That markdown file replaces a 12-page Notion doc and two planning meetings. It is versioned, diffable, readable by the agent that implements against it, and absorbable in under fifteen minutes by any new engineer rotating onto the team.

CLAUDE.md: your standing brief to the agent

CLAUDE.md is a persistent instruction file in the project root. Claude Code and most agent harnesses read it at the start of every session. It encodes product context, coding standards for PM-scoped changes, review expectations, and exactly what the PM should and should not touch. You write it once and update as the product evolves.

This is where you encode judgment. Every principle you hold on naming conventions, error handling, user-facing copy standards, or accessibility baselines belongs in CLAUDE.md rather than in your head. Once it is there, every agent in your system inherits it.

You can start today without a terminal

Everything in this section works from GitHub's web interface. Create a repo. Click "Add file." Write your PLANNING.md in the browser. Commit. You just shipped a spec to git. No terminal required.

If you are interviewing for a senior PM role in the next six months, fork the toolkit repo and write a PLANNING.md for your case study. It is a stronger portfolio artifact than any PDF deck, and it signals you understand the direction of travel.

Toolkit artifact: the open-source PM planning system

A GitHub-ready folder structure you can fork and adapt. Built for CPOs and product directors deploying across an org, and for individual PMs piloting solo.

What is inside:

  1. PLANNING-TEMPLATE.md, a fill-in template with every section a good planning doc needs
  2. Two worked examples: a support triage agent with an explicit agent behavior contract, and a non-AI onboarding configuration change
  3. CLAUDE.md scaffold with product context, review checklist, and explicit PM-zone boundaries
  4. A team rollout playbook for product directors: how to deploy, measure, and iterate
  5. A pilot measurement template for your first sprint
  6. A weekly review cadence doc
  7. A planning review skill file that checks your doc and flags gaps before engineering sees it

Download the Planning Template


Want this rewired across your whole org? The Eval Infrastructure Workshop is two days onsite where your team leaves with a production-ready eval harness for your three highest-stakes AI features, built in Claude Code. See the Eval Workshop →


Your PM's first pull request, and how to earn engineering trust

This is where the pushback lives. It is also where the unlock lives.

Here is the ladder I coach PMs up. I built it after watching two pilot groups try to go too deep too fast and generate exactly the kind of PR-review thrash that gives engineering leaders an excuse to shut the whole thing down.

Level 1: Copy and configuration changes. Button text, error messages, onboarding tooltips, feature flag config, pricing page text.
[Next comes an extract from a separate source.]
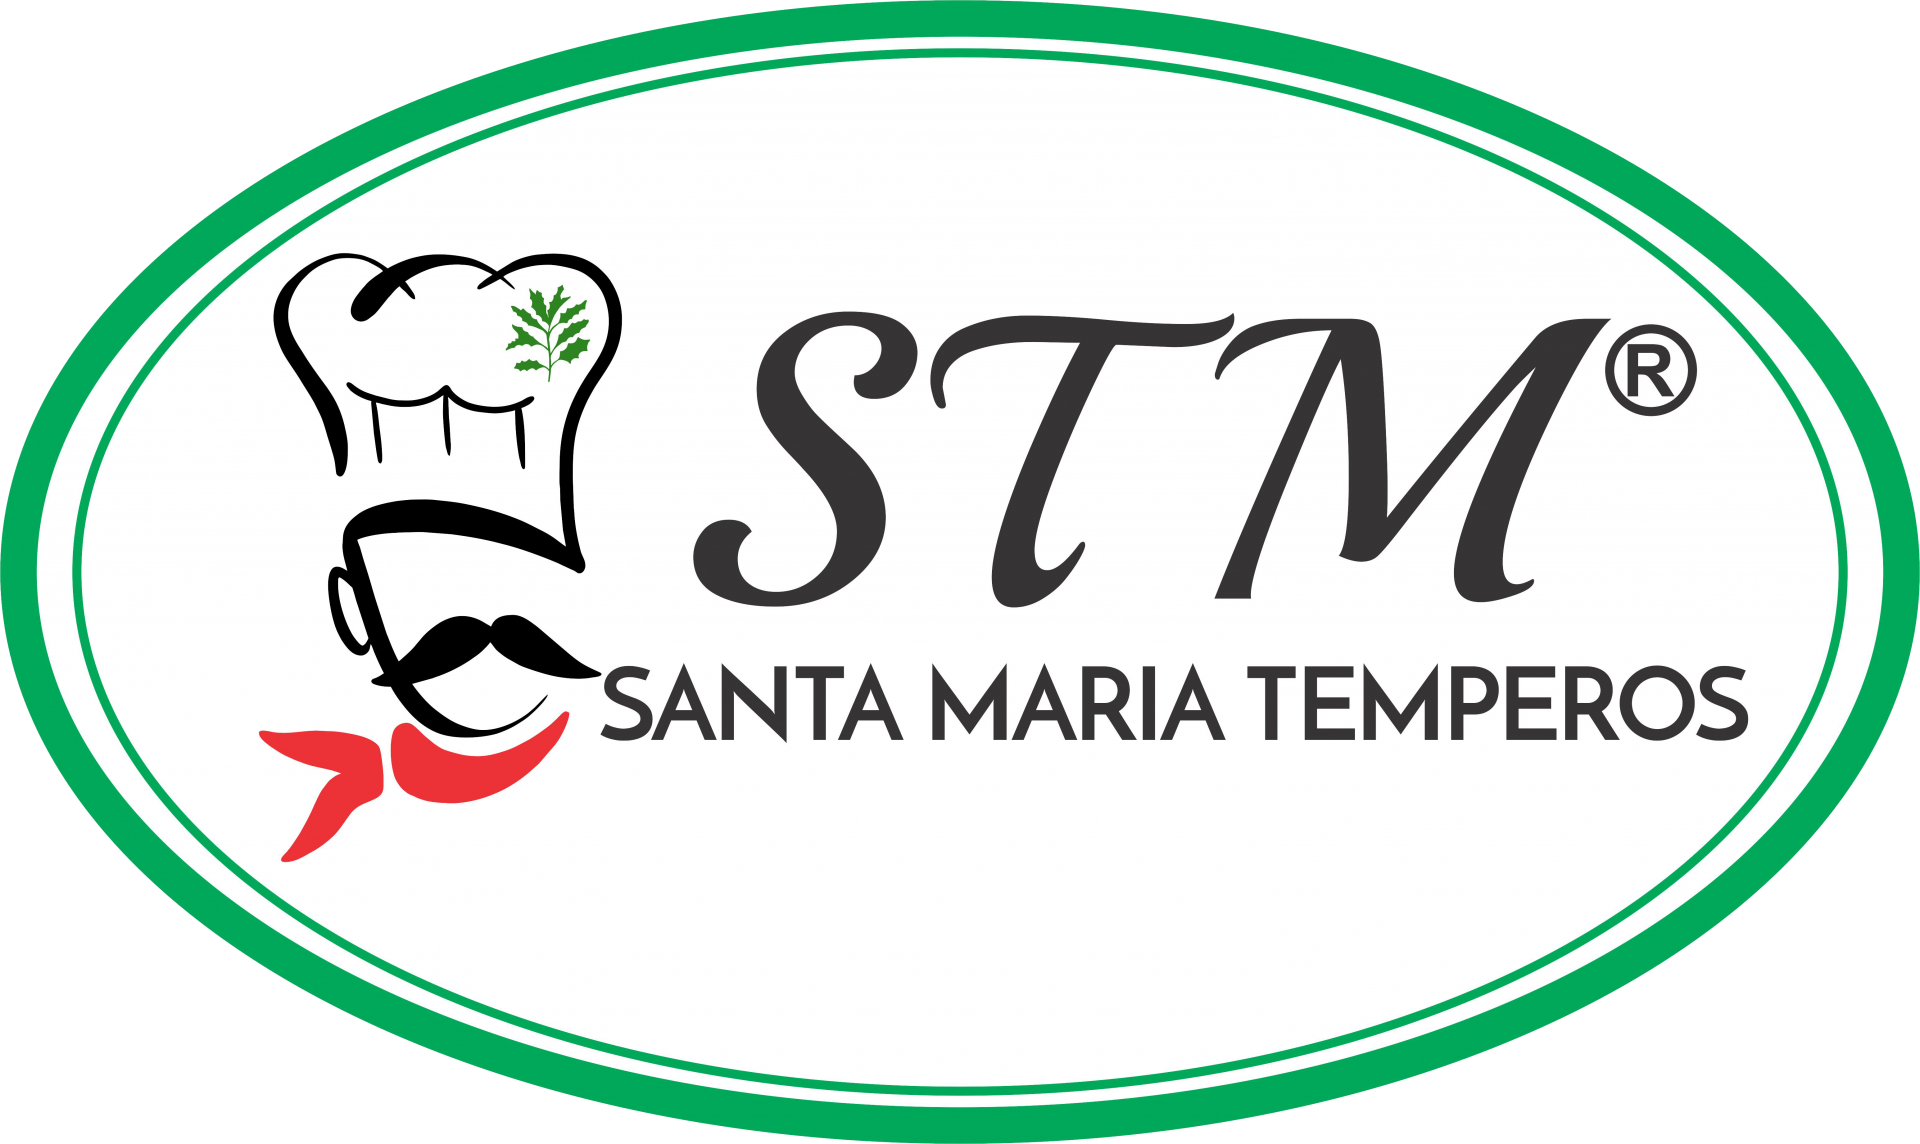 Santa Maria Temperos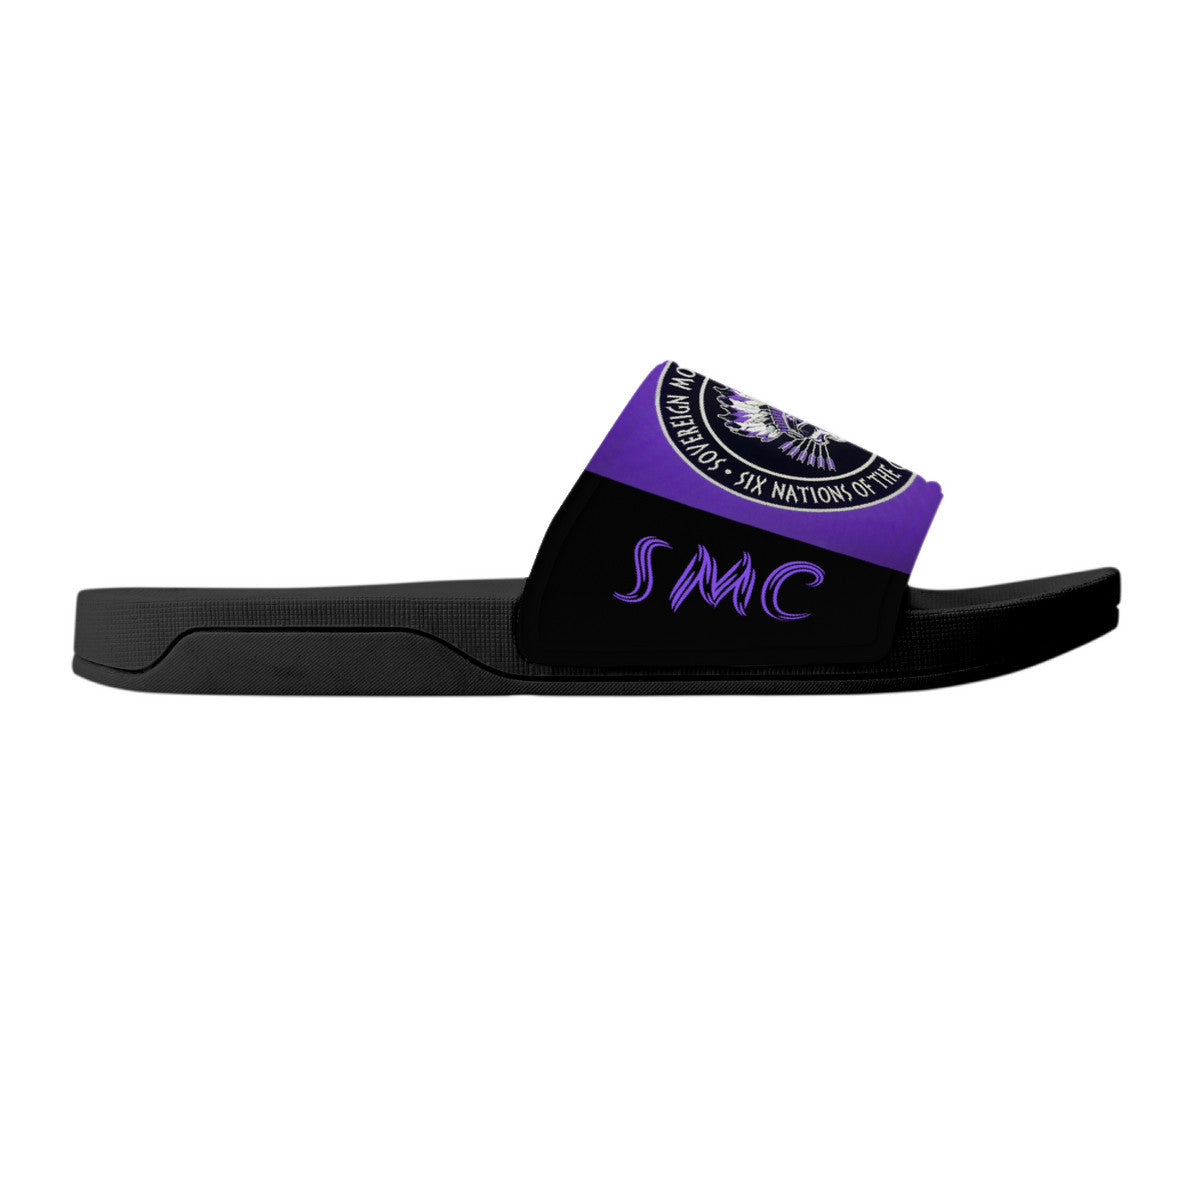 Martin Speyer Personalized Slide Sandals - Black

If it has a PM voice and an engineer is translating your words into the final string, you can own it. First PR: change two words on a CTA. Run the test. Report the lift.

Level 2: AI prompt changes on features you own. Agent system prompts, retrieval query templates, classification thresholds. These are already PM-authored in spirit. Put them in the repo, versioned, with a clear test plan.
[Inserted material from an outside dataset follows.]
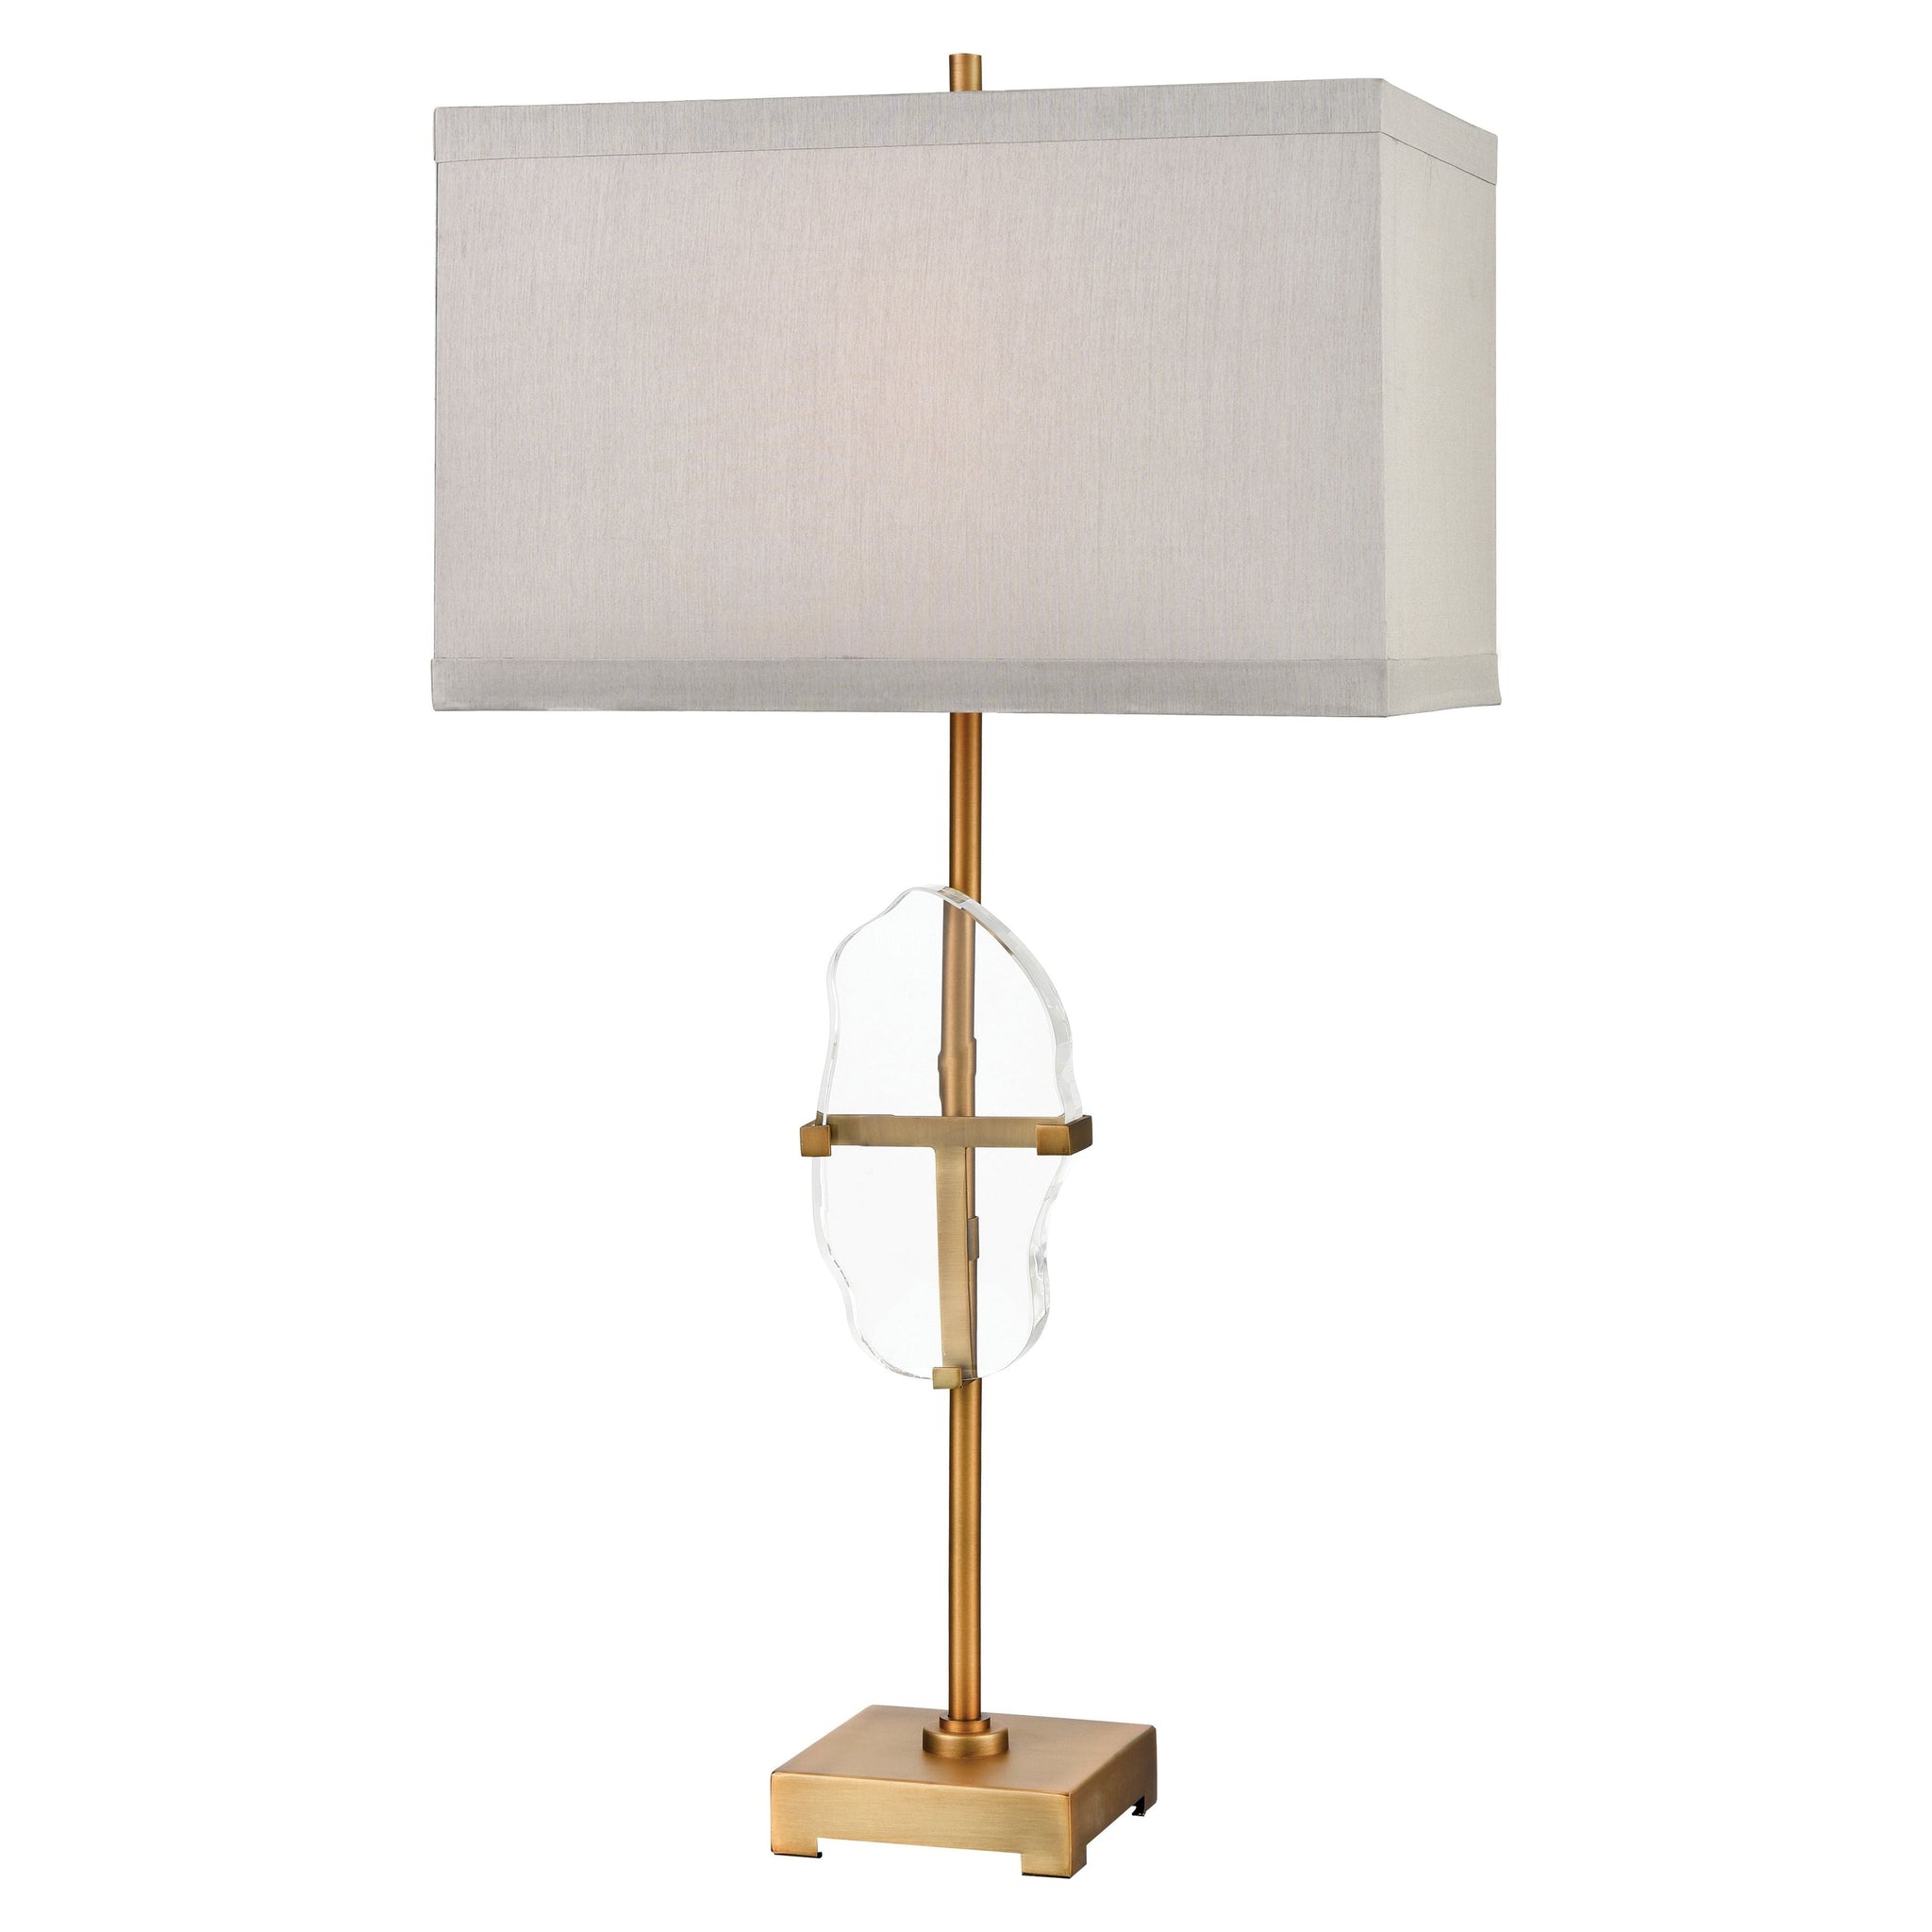 Priorato 34" High 1-Light Table Lamp

Level 3: Small front-end changes. A new field on a form, a new surface for an existing component, a conditional render based on a feature flag. You are not architecting anything. You are composing with existing primitives and testing the composition.

Level 4: Telemetry and instrumentation. Adding an analytics event, wiring a metric to a dashboard, creating an alert threshold. This is where most PMs end up doing the most high-leverage work, because the gap between "we should measure this" and "we are measuring this" is where most feature bets go to die.
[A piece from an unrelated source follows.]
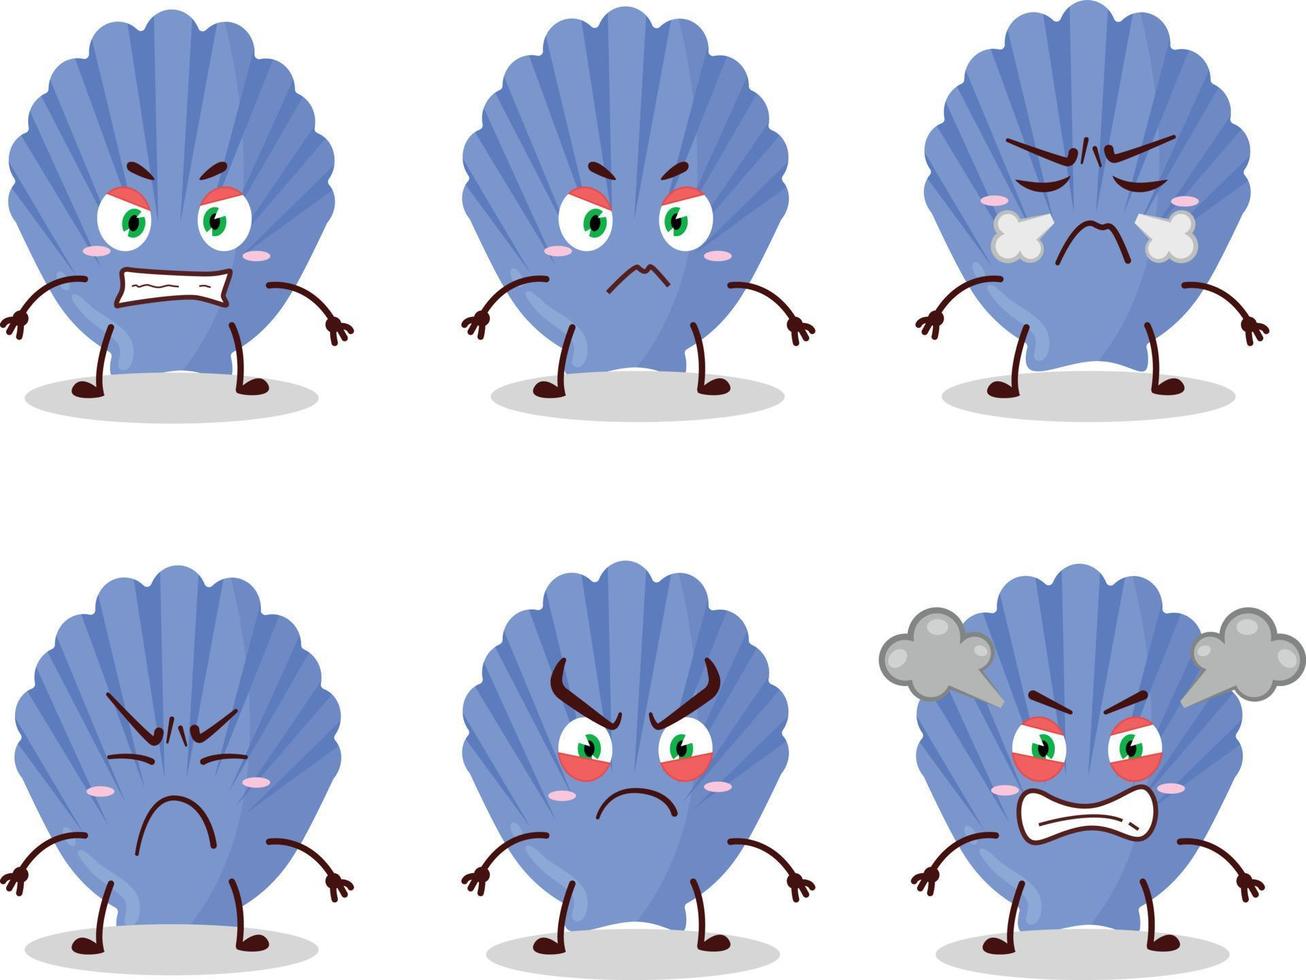 blå skal tecknad serie karaktär med olika arg uttryck vektor

A PM who masters Levels 1 through 4 is more valuable than the same PM was a year ago by a factor of three to five. The engineers around them reclaim that leverage. I covered the full skill breakdown in The PM Role Is Being Rewritten.

Earning engineering trust

Two non-negotiables before your first PR.

  1. Read the engineering standards. If your team has a style guide, linting rules, or a review checklist, read it before you write anything. This is non-negotiable respect for the craft.
  2. Run the toolkit-level review before you open the PR. The PR review skill file below catches roughly 80% of the feedback an engineer would otherwise have to write in a review comment.

If you do those two things, your first PR lands as a signal of seriousness rather than a tax on the reviewer's time.

Toolkit artifact: the PM PR review skill file

A skill file, runnable in Claude Code or any agent harness, that reviews your PR before engineering sees it. It flags gaps in your test plan, missing telemetry, untouched documentation, and obvious violations of your team's standards.

What it checks: linked PLANNING.md and PR scope consistency, documentation and CHANGELOG updates, user-facing copy review, analytics event naming conventions, test coverage or written justification, and feature flag hygiene with kill conditions.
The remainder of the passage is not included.